🚀 BiodivBERT
BiodivBERT is a pre - trained language model tailored for the biodiversity domain, offering high - performance solutions for named entity recognition and relation extraction tasks.
🚀 Quick Start
You can use BiodivBERT via the huggingface library as follows:
💻 Usage Examples
Basic Usage
>>> from transformers import AutoTokenizer, AutoModelForMaskedLM
>>> tokenizer = AutoTokenizer.from_pretrained("NoYo25/BiodivBERT")
>>> model = AutoModelForMaskedLM.from_pretrained("NoYo25/BiodivBERT")
>>> from transformers import AutoTokenizer, AutoModelForTokenClassification
>>> tokenizer = AutoTokenizer.from_pretrained("NoYo25/BiodivBERT")
>>> model = AutoModelForTokenClassification.from_pretrained("NoYo25/BiodivBERT")
>>> from transformers import AutoTokenizer, AutoModelForSequenceClassification
>>> tokenizer = AutoTokenizer.from_pretrained("NoYo25/BiodivBERT")
>>> model = AutoModelForSequenceClassification.from_pretrained("NoYo25/BiodivBERT")
✨ Features
- BiodivBERT is a domain - specific BERT based cased model for the biodiversity literature.
- It uses the tokenizer from BERT base cased model.
- BiodivBERT is pre - trained on abstracts and full text from biodiversity literature.

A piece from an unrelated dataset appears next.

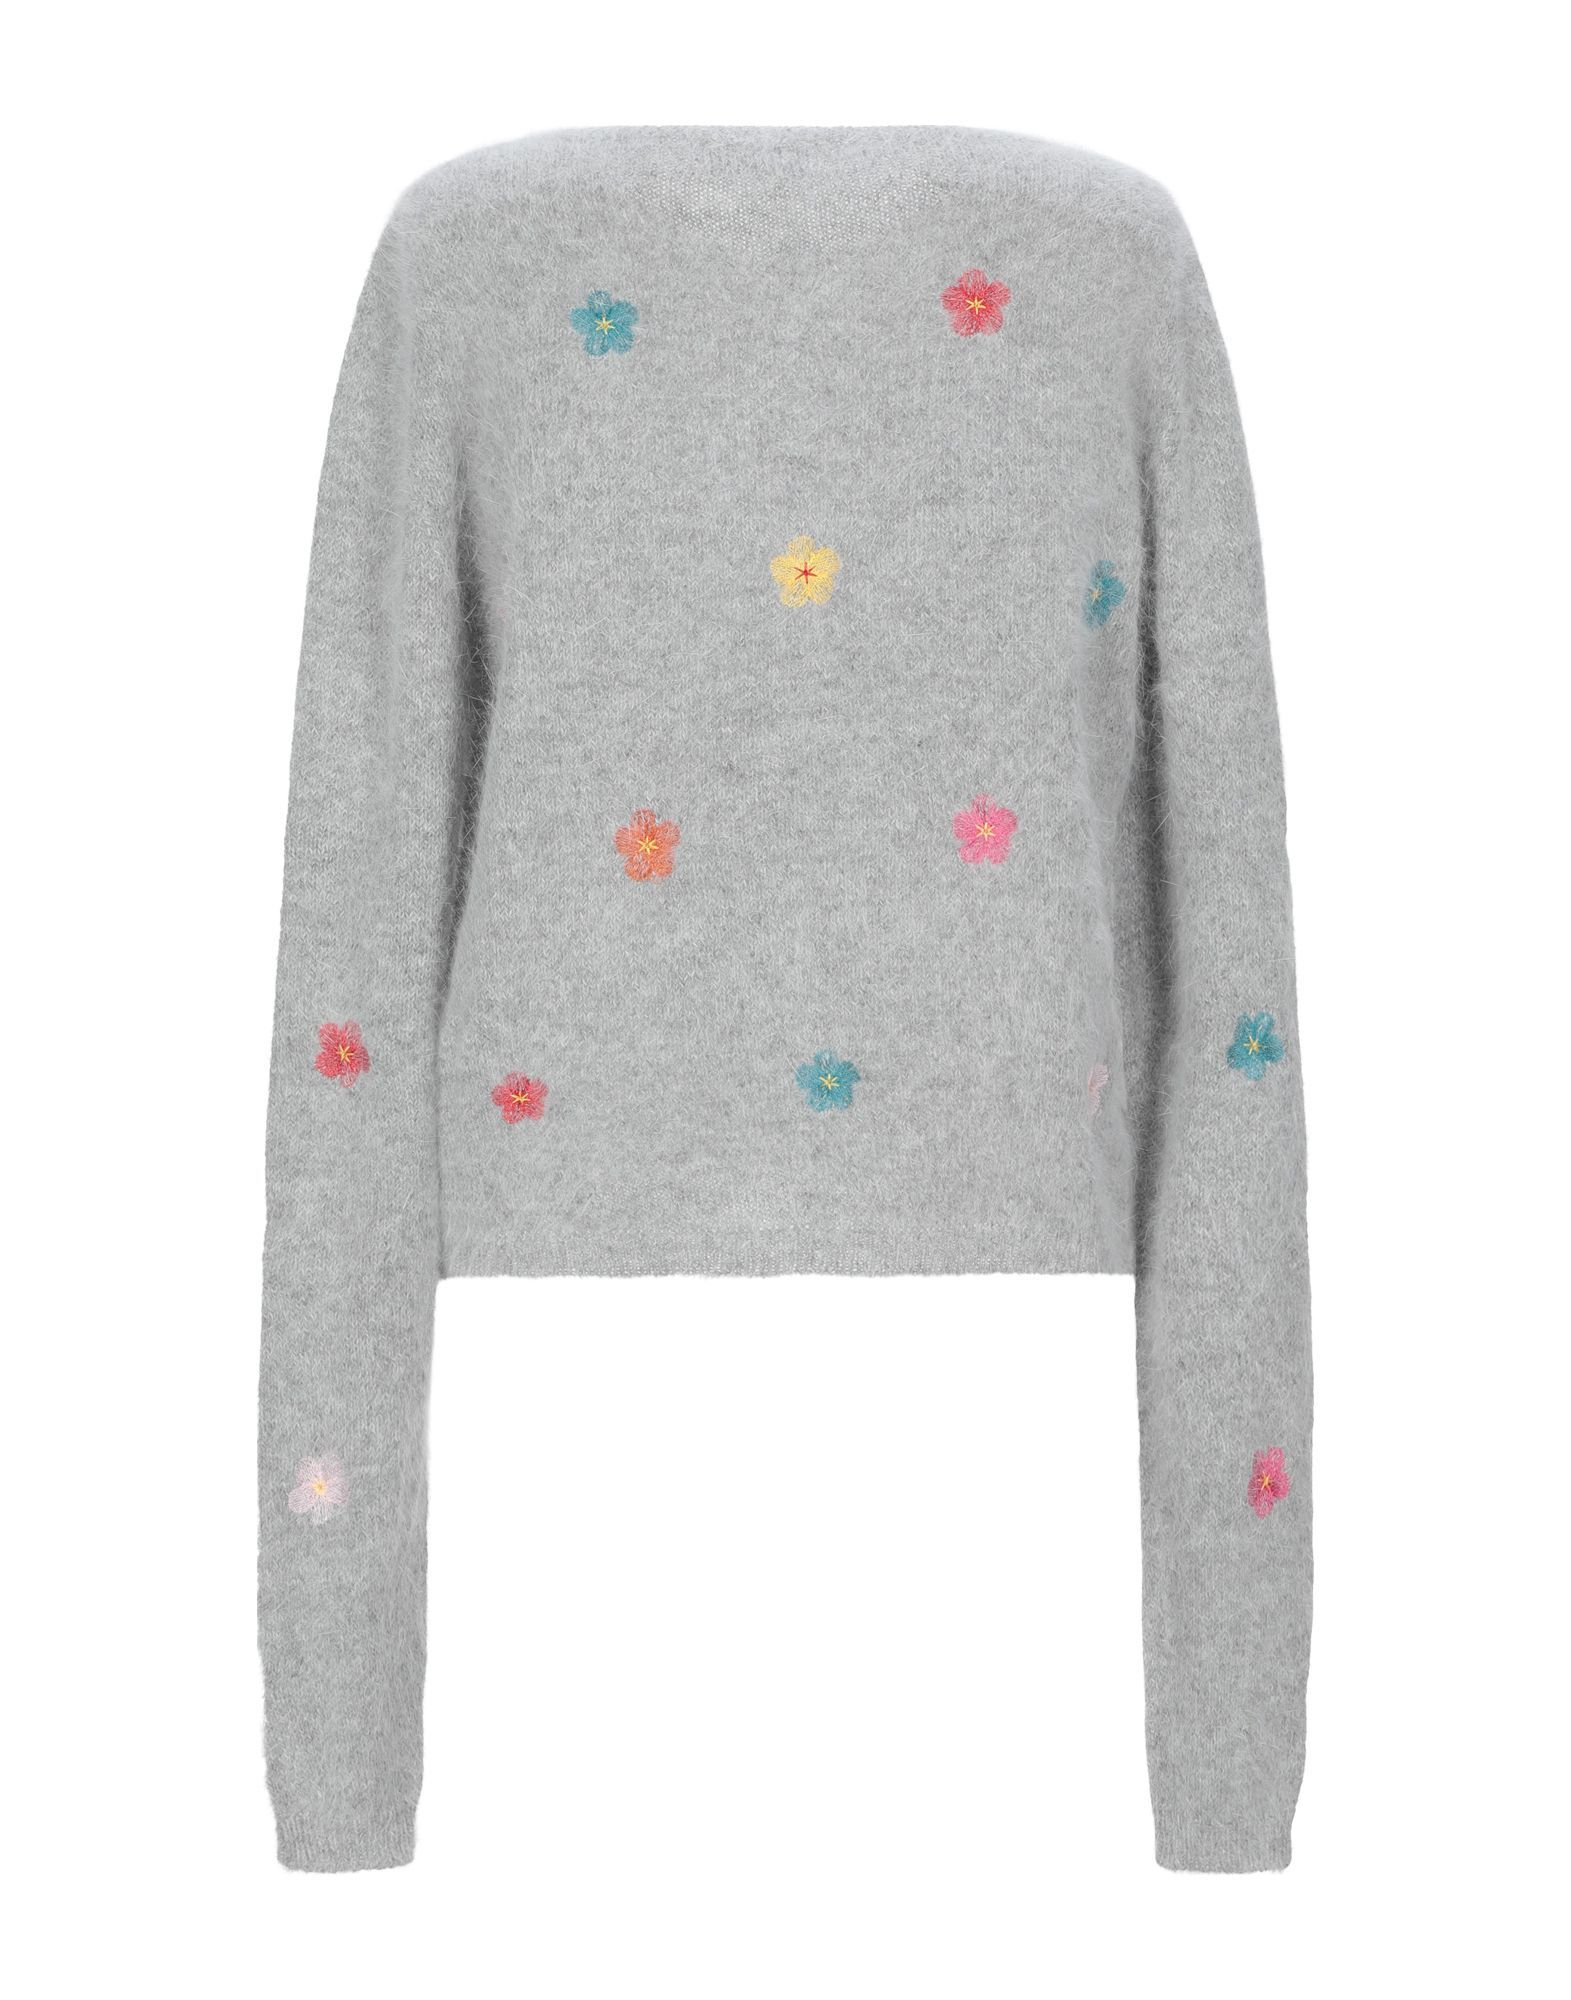 Roberto Collina Light Grey Angora Knit Cardigan

- BiodivBERT is fine - tuned on two down - stream tasks for Named Entity Recognition and Relation Extraction in the biodiversity domain.
📦 Installation
No specific installation steps provided in the original document.
📚 Documentation
Model Description
BiodivBERT is a domain - specific BERT based cased model for the biodiversity literature. It uses the tokenizer from BERT base cased model, is pre - trained on abstracts and full text from biodiversity literature, and is fine - tuned on two down - stream tasks for Named Entity Recognition and Relation Extraction in the biodiversity domain. Please visit our [GitHub Repo](https://github.com/fusion - jena/BiodivBERT) for more details.
Training Data
- BiodivBERT is pre - trained on abstracts and full text from biodiversity domain - related publications.
- We used both Elsevier and Springer APIs to crawl such data.

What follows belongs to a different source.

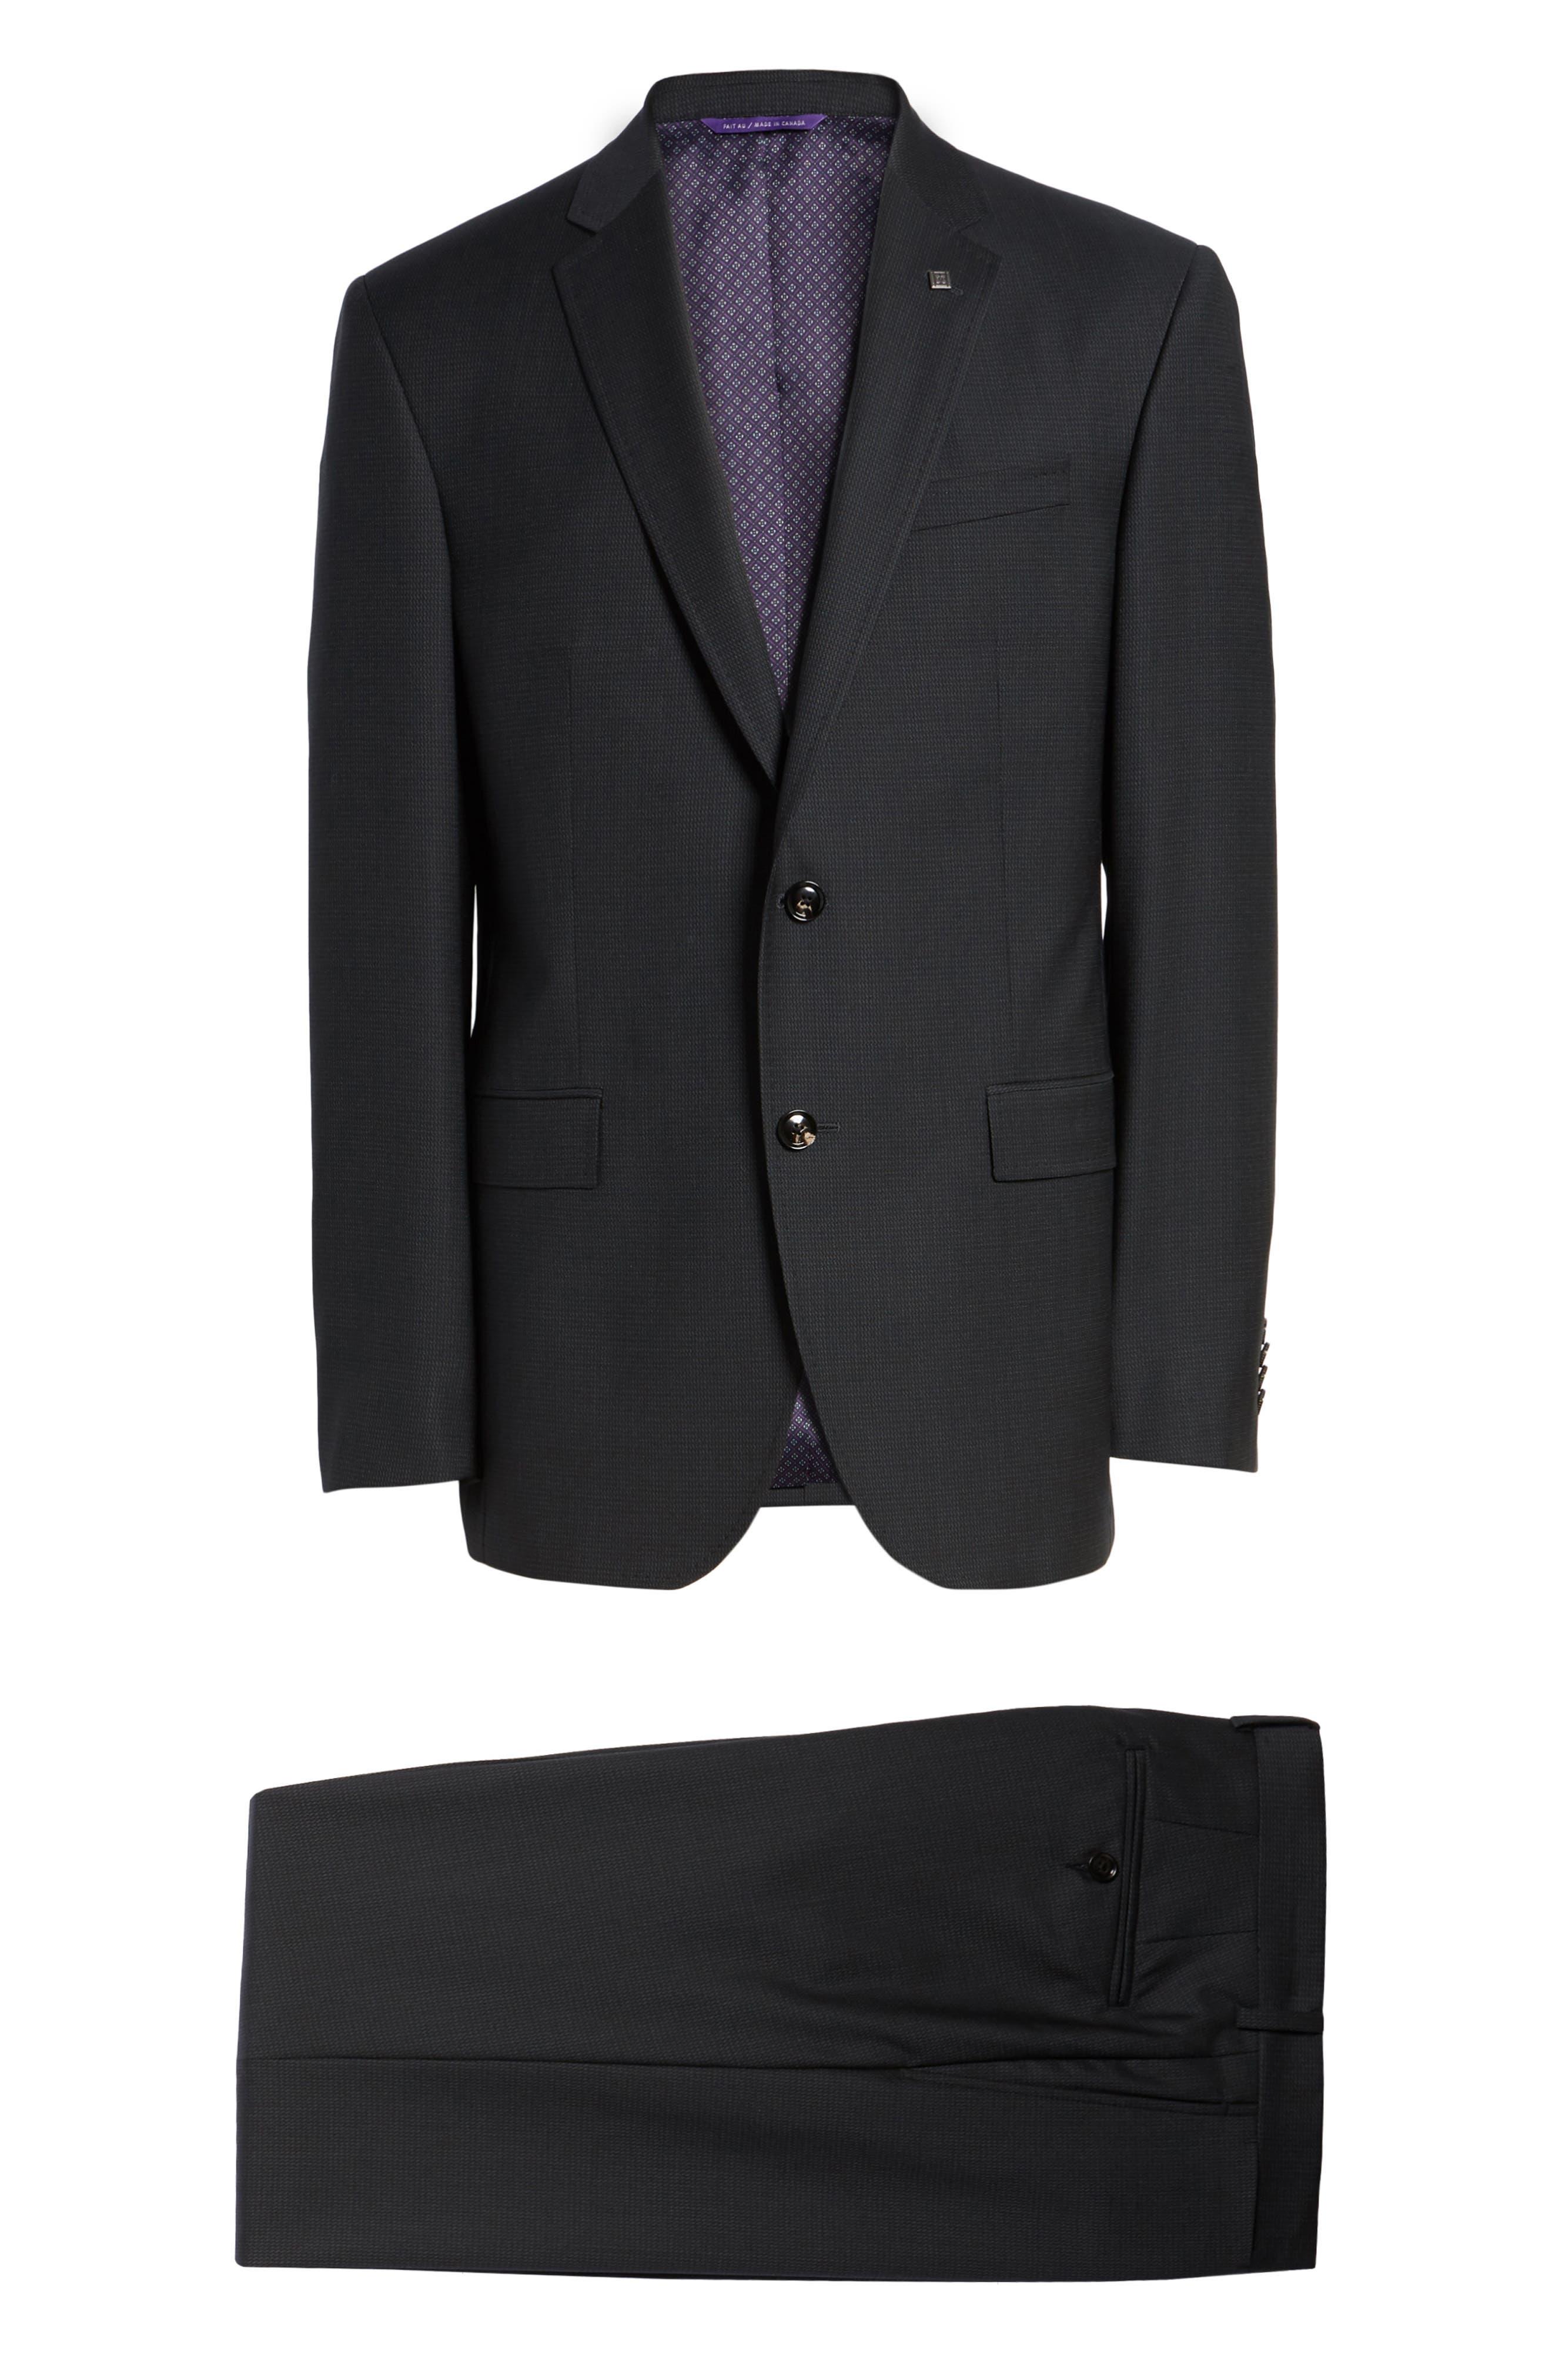 Jay Trim Fit Solid Wool Suit,                             Alternate thumbnail 8, color,                             001

- We covered publications over the duration of 1990 - 2020.
Evaluation Results
BiodivBERT overperformed both BERT_base_cased
, biobert_v1.1
, and BiLSTM
as a baseline approach on the down - stream tasks.
Other Information
Property |
Details |
Thumbnail |
[https://www.fusion.uni - jena.de/fusionmedia/fusionpictures/fusion - service/fusion - transp.png?height=383&width=680](https://www.fusion.uni - jena.de/fusionmedia/fusionpictures/fusion - service/fusion - transp.png?height=383&width=680) |
Tags |
bert - base - cased, biodiversity, token - classification, sequence - classification |
License |
apache - 2.0 |
Citation |
"Abdelmageed, N., Löffler, F., & König - Ries, B. (2023). BiodivBERT: a Pre - Trained Language Model for the Biodiversity Domain." |
Paper |
[https://ceur - ws.org/Vol - 3415/paper - 7.pdf](https://ceur - ws.org/Vol - 3415/paper - 7.pdf) |
Metrics |
f1, precision, recall, accuracy |
Evaluation Datasets |
- URL: https://doi.org/10.5281/zenodo.6554208 - Named Entity Recognition: COPIOUS, QEMP, BiodivNER, LINNAEUS, Species800 - Relation Extraction: GAD, EU - ADR, BiodivRE, BioRelEx |
Training Data |
- Crawling - keywords: biodivers, genetic diversity, omic diversity, phylogenetic diversity, soil diversity, population diversity, species diversity, ecosystem diversity, functional diversity, microbial diversity - Corpora: (+Abs) Springer and Elsevier abstracts in the duration of 1990 - 2020; (+Abs+Full) Springer and Elsevier abstracts and open access full publication text in the duration of 1990 - 2020 |
Pre - training Hyperparams |
- MAX_LEN = 512 # Default of BERT Tokenizer - MLM_PROP = 0.15 # Data Collator - num_train_epochs = 3 # the minimum sufficient epochs found on many articles && default of trainer here - per_device_train_batch_size = 16 # the maximumn that could be held by V100 on Ara with 512 MAX_LEN was 8 in the old run - per_device_eval_batch_size = 16 # usually as above - gradient_accumulation_steps = 4 # this will grant a minim batch size 16 * 4 * nGPUs. |
📄 License
The model is licensed under apache - 2.0.